[Exercise aim]: Once a line is found to contain "Blue", copy it out of the listing.

[Given records]:

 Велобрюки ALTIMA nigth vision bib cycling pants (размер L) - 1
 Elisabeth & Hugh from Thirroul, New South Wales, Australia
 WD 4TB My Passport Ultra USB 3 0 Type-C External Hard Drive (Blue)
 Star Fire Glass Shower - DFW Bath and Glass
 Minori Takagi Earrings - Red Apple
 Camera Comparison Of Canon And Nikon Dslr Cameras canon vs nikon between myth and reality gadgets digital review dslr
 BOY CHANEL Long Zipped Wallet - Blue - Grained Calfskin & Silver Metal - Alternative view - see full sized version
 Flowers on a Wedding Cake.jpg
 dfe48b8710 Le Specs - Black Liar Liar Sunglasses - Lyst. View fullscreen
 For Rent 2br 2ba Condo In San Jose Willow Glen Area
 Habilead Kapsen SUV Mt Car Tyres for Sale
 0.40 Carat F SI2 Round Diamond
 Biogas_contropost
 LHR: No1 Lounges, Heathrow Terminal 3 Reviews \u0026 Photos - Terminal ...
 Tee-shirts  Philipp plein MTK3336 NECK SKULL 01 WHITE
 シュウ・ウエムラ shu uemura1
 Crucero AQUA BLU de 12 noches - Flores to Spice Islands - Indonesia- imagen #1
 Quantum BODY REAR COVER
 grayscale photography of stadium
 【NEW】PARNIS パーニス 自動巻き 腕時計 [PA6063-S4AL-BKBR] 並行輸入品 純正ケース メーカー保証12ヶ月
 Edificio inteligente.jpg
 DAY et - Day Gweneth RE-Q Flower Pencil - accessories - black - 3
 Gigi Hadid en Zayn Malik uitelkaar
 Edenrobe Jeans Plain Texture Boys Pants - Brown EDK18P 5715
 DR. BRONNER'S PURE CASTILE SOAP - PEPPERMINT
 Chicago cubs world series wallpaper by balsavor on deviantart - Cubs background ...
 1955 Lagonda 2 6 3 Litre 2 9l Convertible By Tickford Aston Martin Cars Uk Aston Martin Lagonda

[Answer box]:
 WD 4TB My Passport Ultra USB 3 0 Type-C External Hard Drive (Blue)
 BOY CHANEL Long Zipped Wallet - Blue - Grained Calfskin & Silver Metal - Alternative view - see full sized version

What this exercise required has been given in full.